This is an extension for Middleman's blog extension to automatically identify recent articles using latent semantic indexing (LSI), a fancy algorithm for identifying relationships between unstructured texts.
This extension was heavily inspired by Jekyll's use of LSI for related articles, and that's also where I learned about the Classifier gem, which does all the heavy lifting of this extension.
You must already be using Middleman's blogging extension, or else this extension is worthless to you.
I haven't currently had the guts to upload this as a gem yet, so try adding this line to your blog's Gemfile
:
gem 'middleman-related-articles', :git => 'https://github.com/dsedivec/middleman-related-articles.git'
And then execute:
$ bundle
You could probably also download/clone the repository and rake install
it.
This gem may be very slow unless you also install GNU Scientific Library and rb-gsl. I've personally accomplished this on my Mac using MacPorts (port install gsl
), adding gem 'rb-gsl'
to my Gemfile
, and finally running bundle
to install rb-gsl. (As of this writing, this is a lie: I had a problem with rb-gsl and MacPorts's GSL. I fixed it by patching and installing the rb-gsl gem locally.)
First, activate the extension in your config.rb
:
activate :related_articles
There are a few options you can tweak:
activate :related_articles do |related|
# The "name" option is only useful if you have more than one blog.

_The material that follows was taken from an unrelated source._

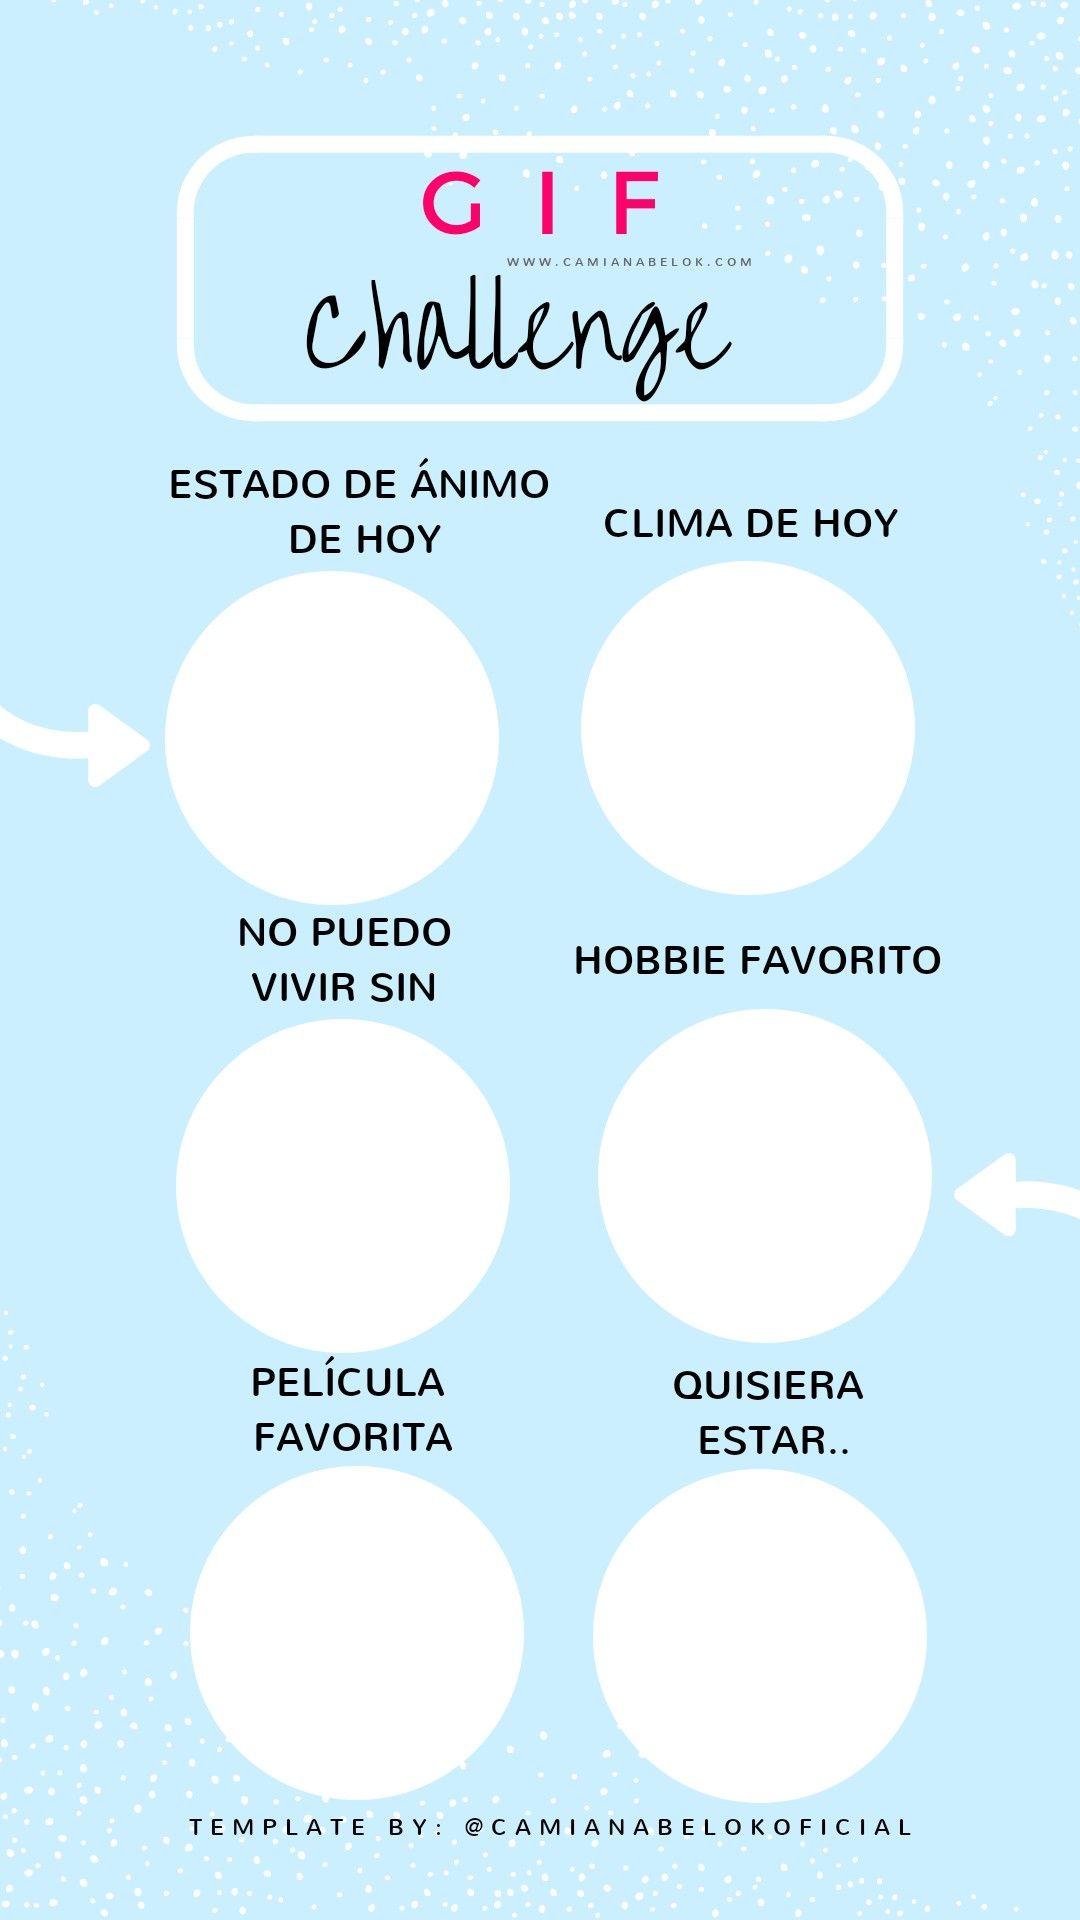 Gif Challenge Español Spanish Story Games Instagram Template Stories Historias Retos Para Instagram Juegos Para Instagram Preguntas Para Whatsapp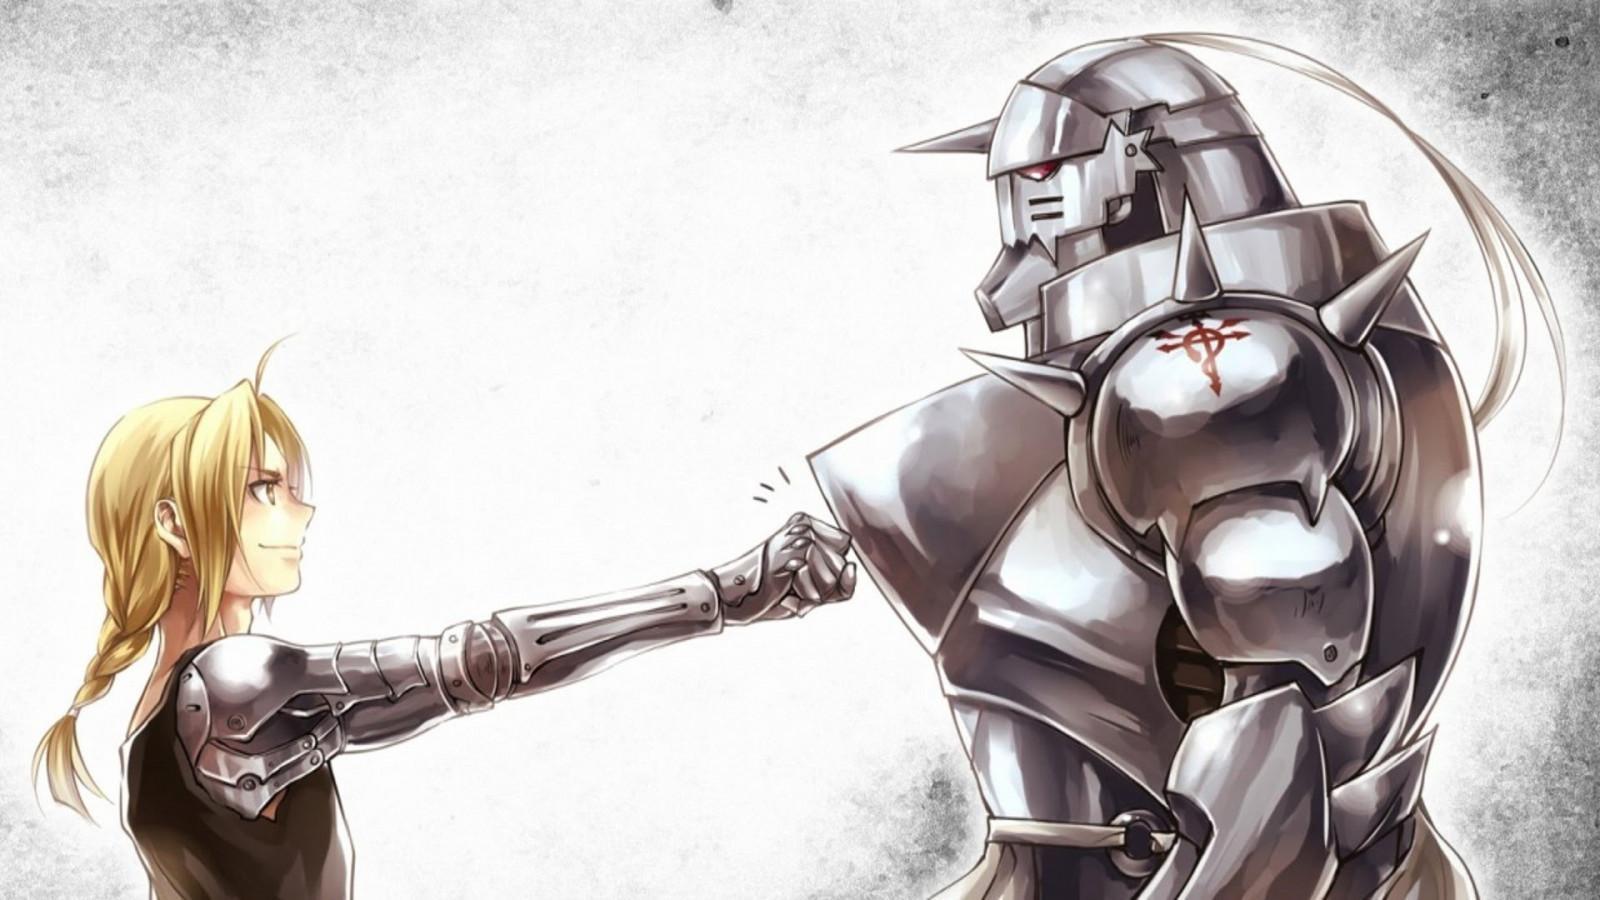 emotional anime lile Demon Slayer, Fullmetal Alchemist Brotherhood

# This name must match the blog's name. Defaults to the default
# blog.
#
# Note that this extension can (hopefully) be used on more than one
# blog by activating this extension multiple times, but beware that
# you'll also need to change the following "index" option for each
# blog as well.
related.name = 'My blog'
# Path to the index file that will be created. Defaults to
# related-articles.yaml in your Middleman root directory.
related.index = '/foo/bar.yaml'
# Number of related articles to generate. Defaults to 10.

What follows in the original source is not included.